We are given a binary tree (with root node root), a target node, and an integer value K.
Return a list of the values of all nodes that have a distance K from the target node. The answer can be returned in any order.
Example 1:
Input: root = [3,5,1,6,2,0,8,null,null,7,4], target = 5, K = 2
Output: [7,4,1]
Explanation:
The nodes that are a distance 2 from the target node (with value 5)
have values 7, 4, and 1.
Note that the inputs "root" and "target" are actually TreeNodes.
The descriptions of the inputs above are just serializations of these objects.
Note:
The given tree is non-empty.
Each node in the tree has unique values 0 <= node.val <= 500.

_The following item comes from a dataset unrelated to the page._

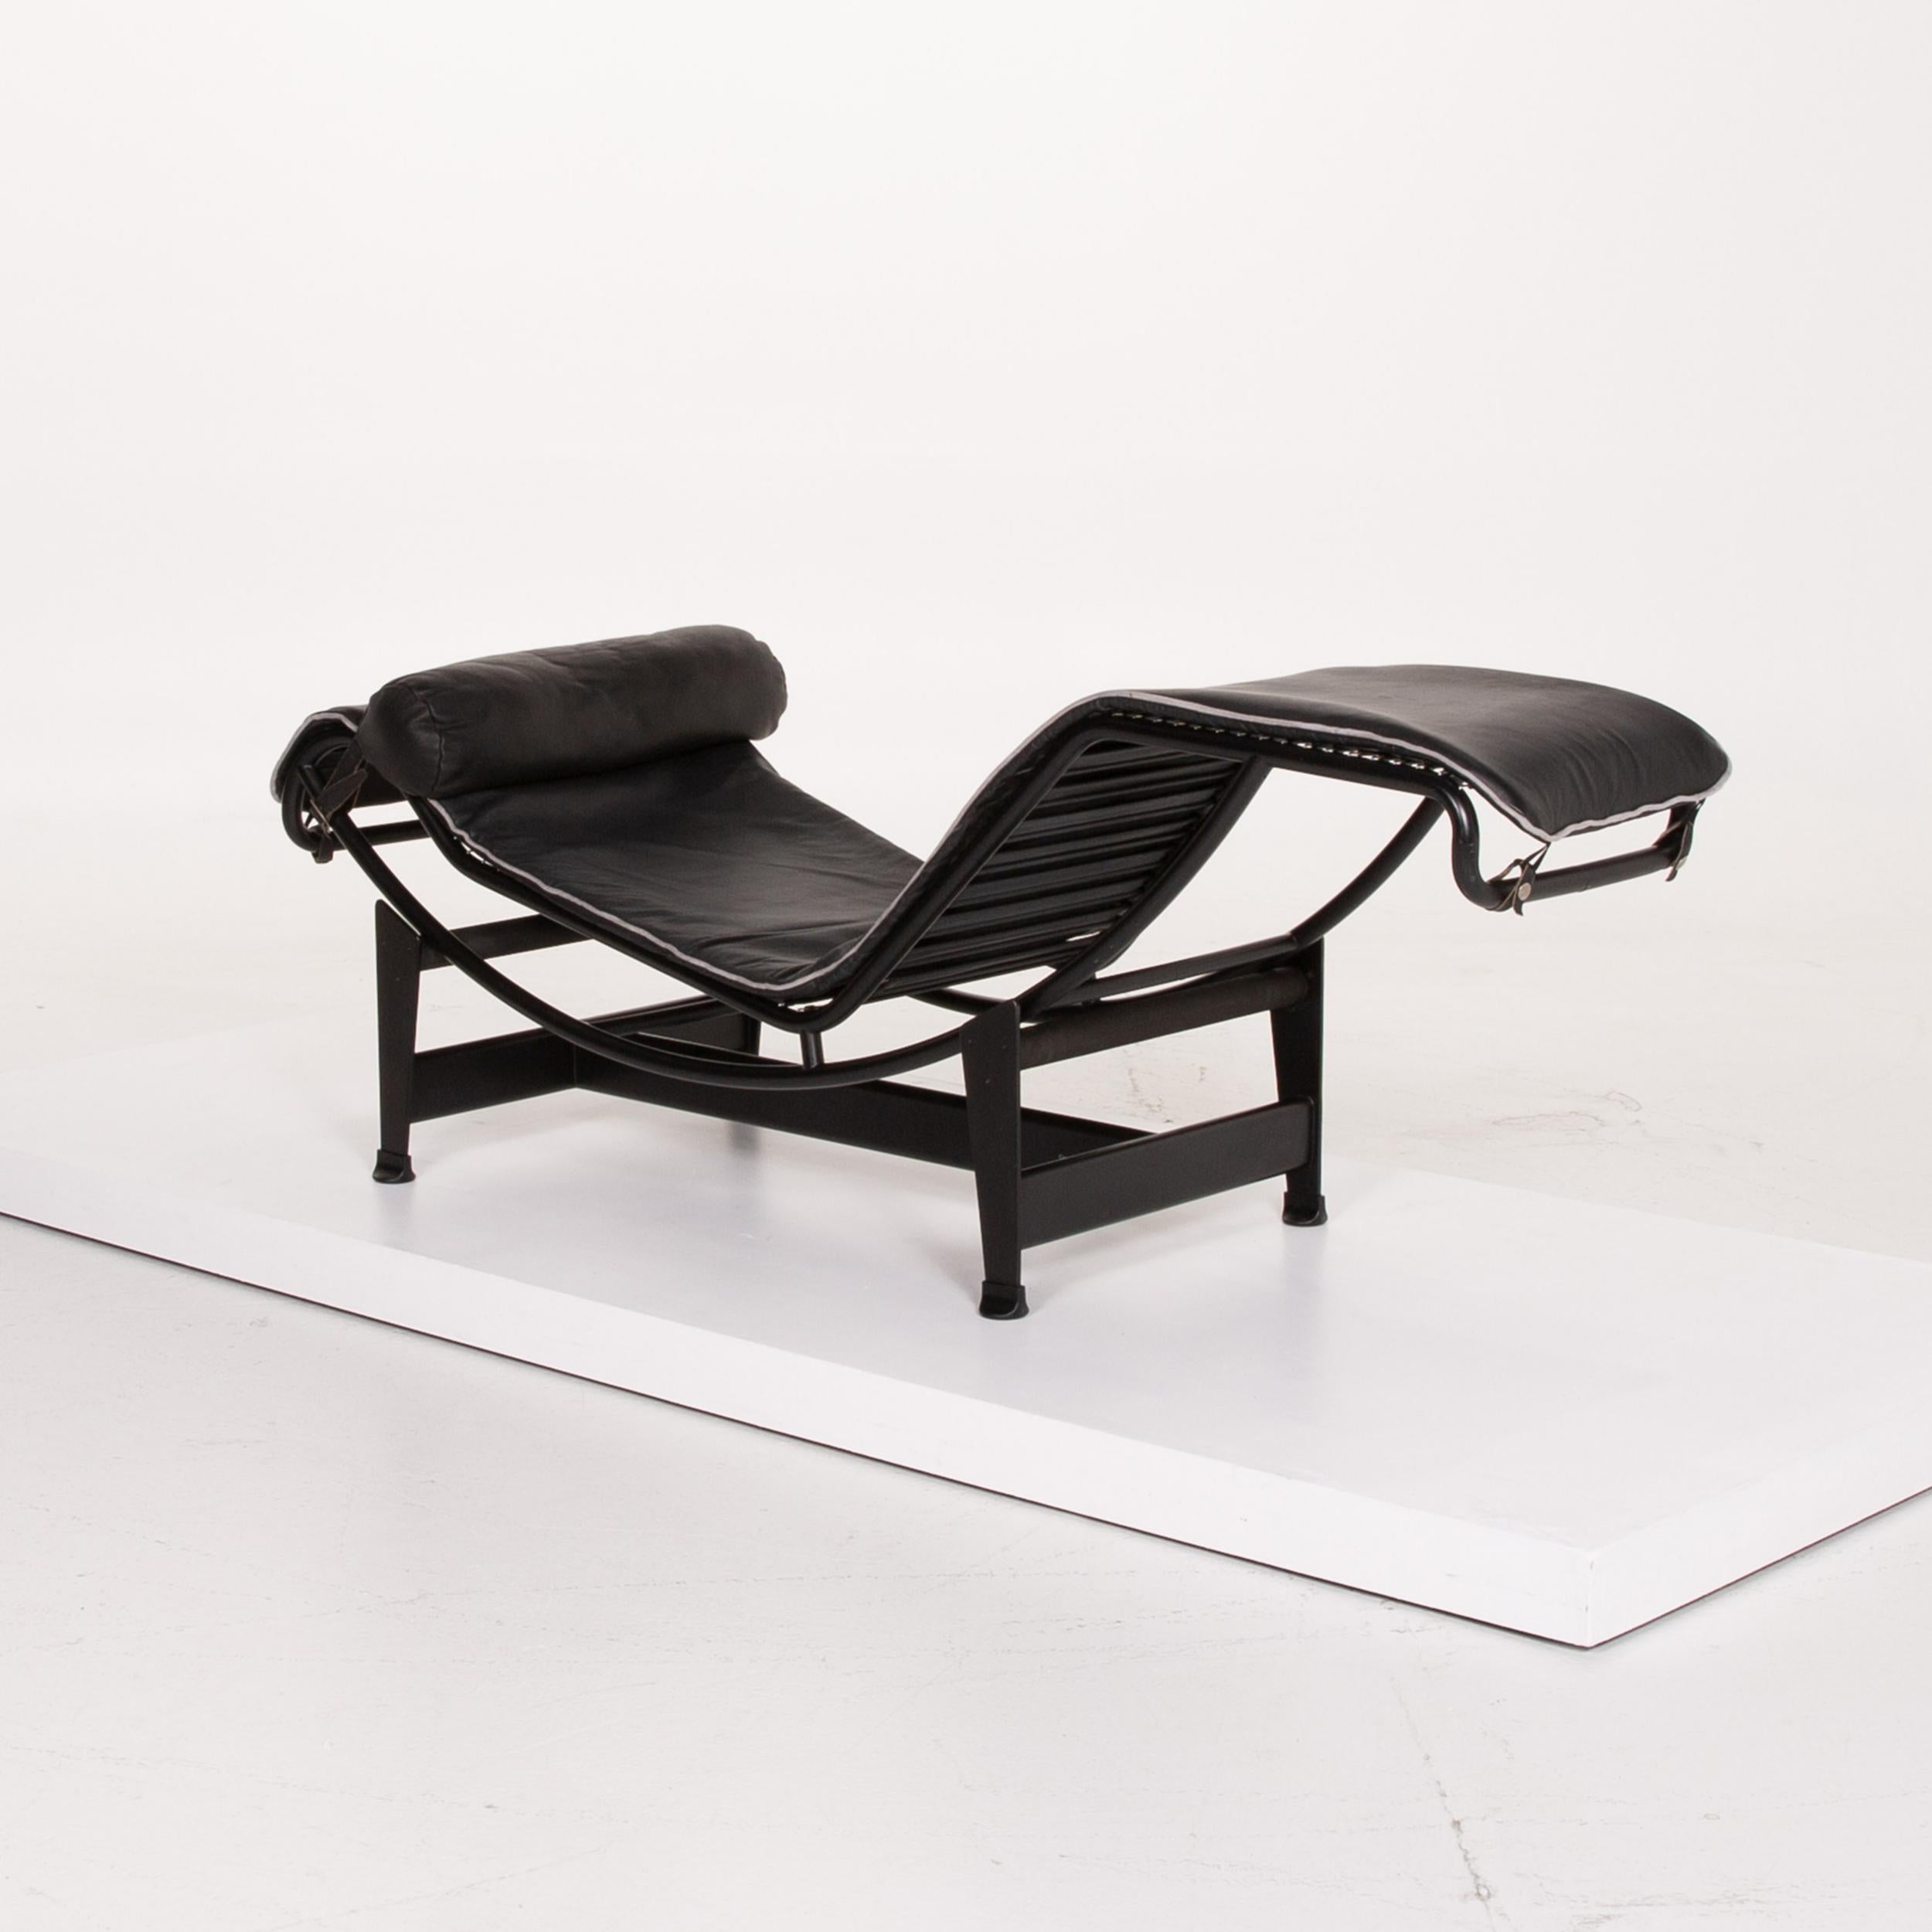 Cassina Le Corbusier LC 4 Leather Lounger Black Relaxation Function Relaxation 3

The target node is a node in the tree.
0 <= K <= 1000.
代码
Approach #1 Parent Map
/**
* Definition for a binary tree node.
* public class TreeNode {
* int val;
* TreeNode left;
* TreeNode right;
* TreeNode(int x) { val = x; }
* }
*/
class Solution {
Map<TreeNode, TreeNode> parent;
public List<Integer> distanceK(TreeNode root, TreeNode target, int K) {
List<Integer> ans = new ArrayList();
if (root == null) return ans;
parent = new HashMap();
preorder(root, null);
Queue<TreeNode> queue = new LinkedList();
queue.add(target);
Set<TreeNode> seen = new HashSet();
seen.add(target);
seen.add(null);
int dist = 0;
while (!queue.isEmpty()) {
for (int size = queue.size(); size > 0; size--) {
if (dist == K) {
for (TreeNode n: queue) {
ans.add(n.val);
}
return ans;
} else {
TreeNode node = queue.poll();
// left
if (!seen.contains(node.left)) {
seen.add(node.left);
queue.offer(node.left);
}
// right
if (!seen.contains(node.right)) {
seen.add(node.right);
queue.offer(node.right);
}
// up
TreeNode par = parent.get(node);
if (!seen.contains(par)) {
seen.add(par);
queue.offer(par);
}
}
}
dist++;
}
return ans;
}
public void preorder(TreeNode node, TreeNode par) {
if (node != null) {
parent.put(node, par);
preorder(node.left, node);
preorder(node.right, node);
}
}
}
Approach #2 Percolate Distance
Algorithm
Traverse every node with a depth first search dfs. We'll add all nodes x to the answer such that node is the node on the path from x to target that is closest to the root.
To help us, dfs(node) will return the distance from node to the target. Then, there are 4 cases:
If node == target, then we should add nodes that are distance K in the subtree rooted at target.
If target is in the left branch of node, say at distance L+1, then we should look for nodes that are distance K - L - 1 in the right branch.
If target is in the right branch of node, the algorithm proceeds similarly.
If target isn't in either branch of node, then we stop.
Complexity Analysis
Time Complexity: O_(_N), where N is the number of nodes in the given tree.
Space Complexity: O_(_N).
class Solution {
List<Integer> ans;
TreeNode target;
int K;
public List<Integer> distanceK(TreeNode root, TreeNode target, int K) {
ans = new LinkedList();
this.target = target;
this.K = K;
dfs(root);
return ans;
}
// Return vertex distance from node to target if exists, else -1
// Vertex distance: the number of vertices on the path from node to target
public int dfs(TreeNode node) {
if (node == null) {
return -1;
} else if (node == target) {
subtree_add(node, 0);
return 1;
} else {
int L = dfs(node.left);
int R = dfs(node.right);
if (L != -1) {
if (L == K) ans.add(node.val);
subtree_add(node.right, L + 1);
return L + 1;
} else if (R != -1) {
if (R == K) ans.add(node.val);
subtree_add(node.left, R + 1);
return R + 1;
} else {
return -1;
}
}
}
// Add all nodes 'K - dist' from the node to answer.
public void subtree_add(TreeNode node, int dist) {
if (node == null) return;
if (dist == K) {
ans.add(node.val);
} else {
subtree_add(node.left, dist + 1);
subtree_add(node.right, dist + 1);
}
}
}